Как-то Конфуций печалился: «О, как я опустился! Я уже давно не вижу во сне Чжоу-гуна!» (VII, 5). Учитывая, что столь почитаемый Конфуцием Чжоу-гун (VIII в. до н. э.) был основателем царства Лу – родного царства Конфуция – и сыном знаменитого чжоуского правителя Вэн-вана («Культурного правителя»), не сложно догадаться, что когда-то Конфуций нередко видел во сне именно духа Чжоу-гуна. К тому же Чжоу-гун как правитель царства Лу формально мог считаться предком-покровителем самого Учителя. И Конфуций трагически утратил связь с этим духом, не чувствует его и внезапно осознает, что отринут миром духов вообще.
На самом деле он страшно боится – боится утратить связь с Небом, с духами и перестать идентифицировать себя в сакральном пространстве.
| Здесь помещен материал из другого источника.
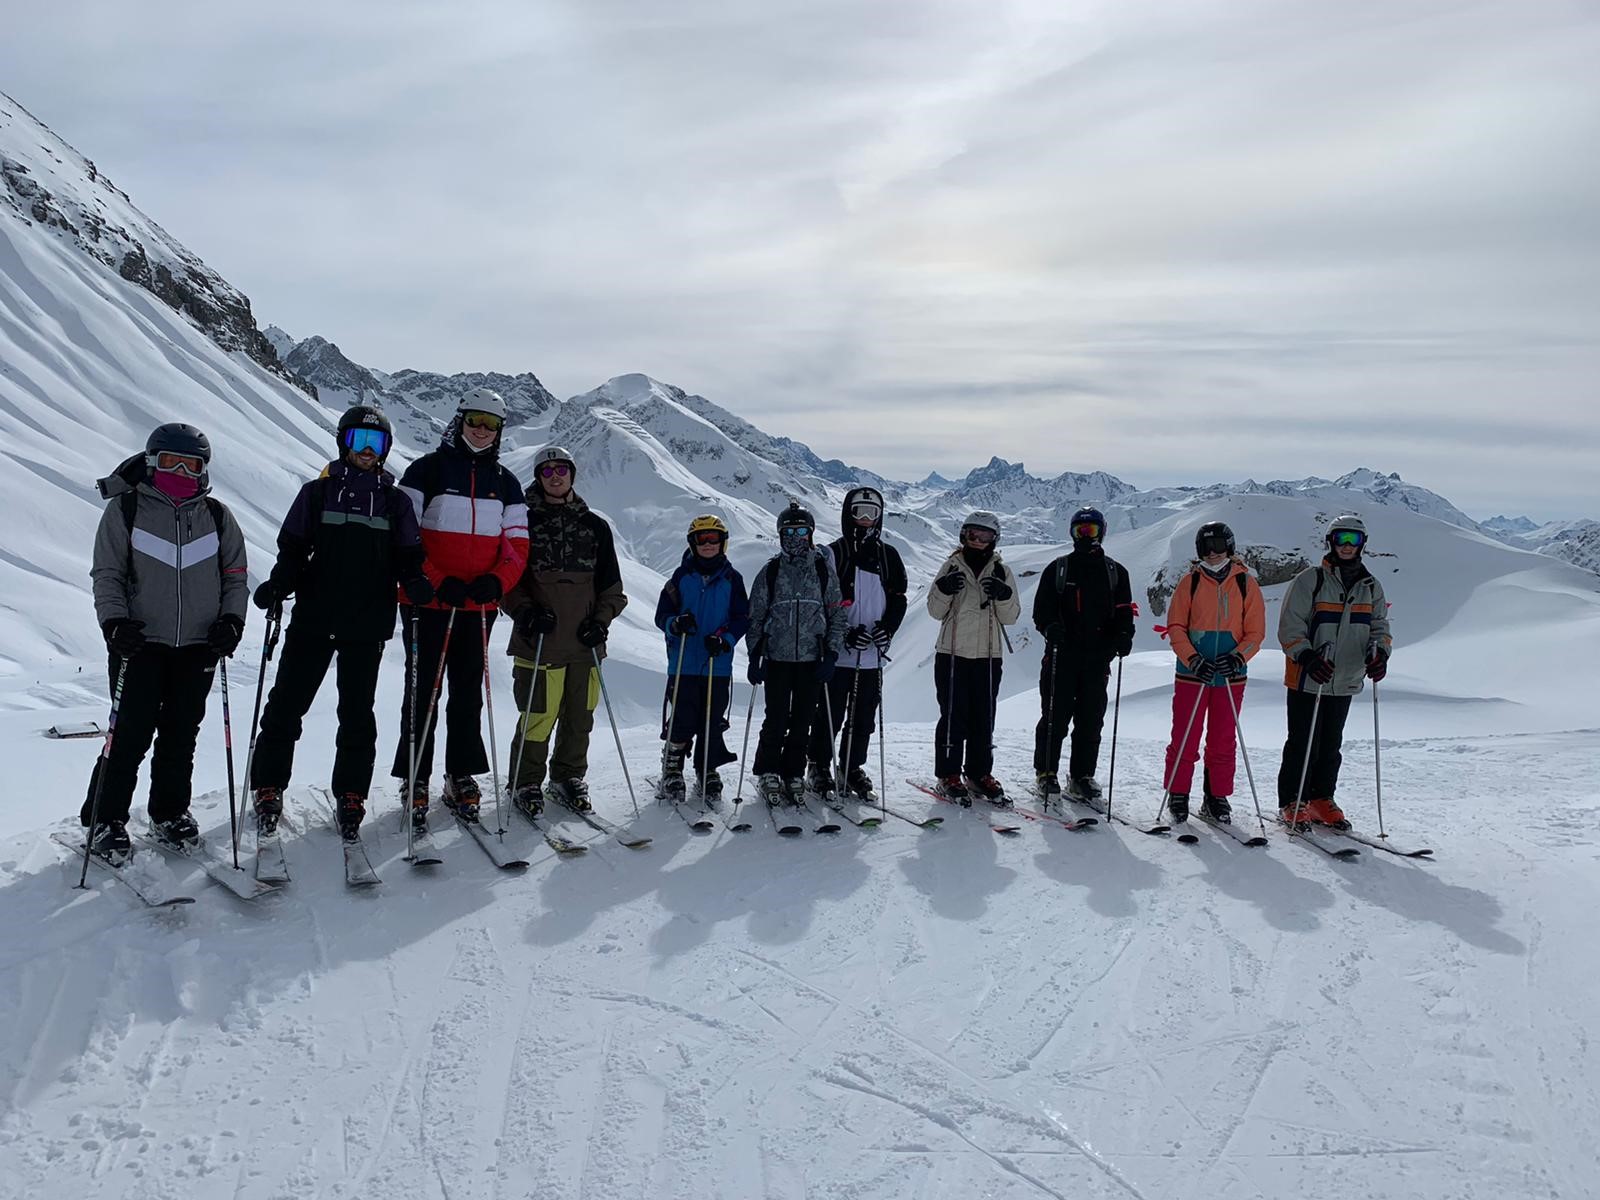 Students and staff lined up on the slopes

Это безумный страх, близкий к неврозу, вот именно поэтому, как представляется, Конфуций и «не садился на циновку, которая лежала не по ритуалу» (X, 12), и бранился, недовольный даже мелочью, нарушающей ритуальное единство с духами: «Этот кубок для вина не похож на обычный винный кубок. Так разве это кубок?! Разве это кубок?!» (VI, 25).
Конфуций ждет сновидений и знамений, он печалится, что «не прилетает дух фэн (феникс)» и из вод Хуанхэ не появляется знамение в виде священного дракона-лун с письменами на спине. «Конец мне!» – в отчаянии восклицает он (IX, 9). Учитывая, что и фэн, и лун, как мы уже замечали выше, были некими посредниками между царством людей и царством духов, а иногда и перевозчиками в царство мертвых, то перед нами оказывается напуганный пожилой мистик, который вдруг испытывает крах своей мечты постоянно находиться в контакте с духами предков и мудрецов.
Знания благородного мужа
Во всех рассуждениях Конфуция ярче всего проступает фигура благородного мужа цзюньцзы – идеального типажа, точки устремлений каждого служивого мужа. Под воздействием этого идеала сформировалась вообще вся моральная парадигма китайской культуры. Благородный муж «без гнева строг», он «безмятежен и спокоен» и логически противостоит «маленьким людям» (сяожэнь), которые не способны понимать и соблюдать ритуальную сторону жизни, испытывать человеколюбие, уважение к старшим, выполнять свой долг перед правителем.
Цзюньцзы принято переводить как «благородный муж» (Л. С. Переломов), «достойная личность» (В. М. Алексеев), на английский – gentelmen, хотя суть его образа значительно более глубока, чем просто достойное ритуальное поведение. Прежде всего он тот, кто «познал волю Неба» (ХХ, 3), и именно это отличает его от обычных людей.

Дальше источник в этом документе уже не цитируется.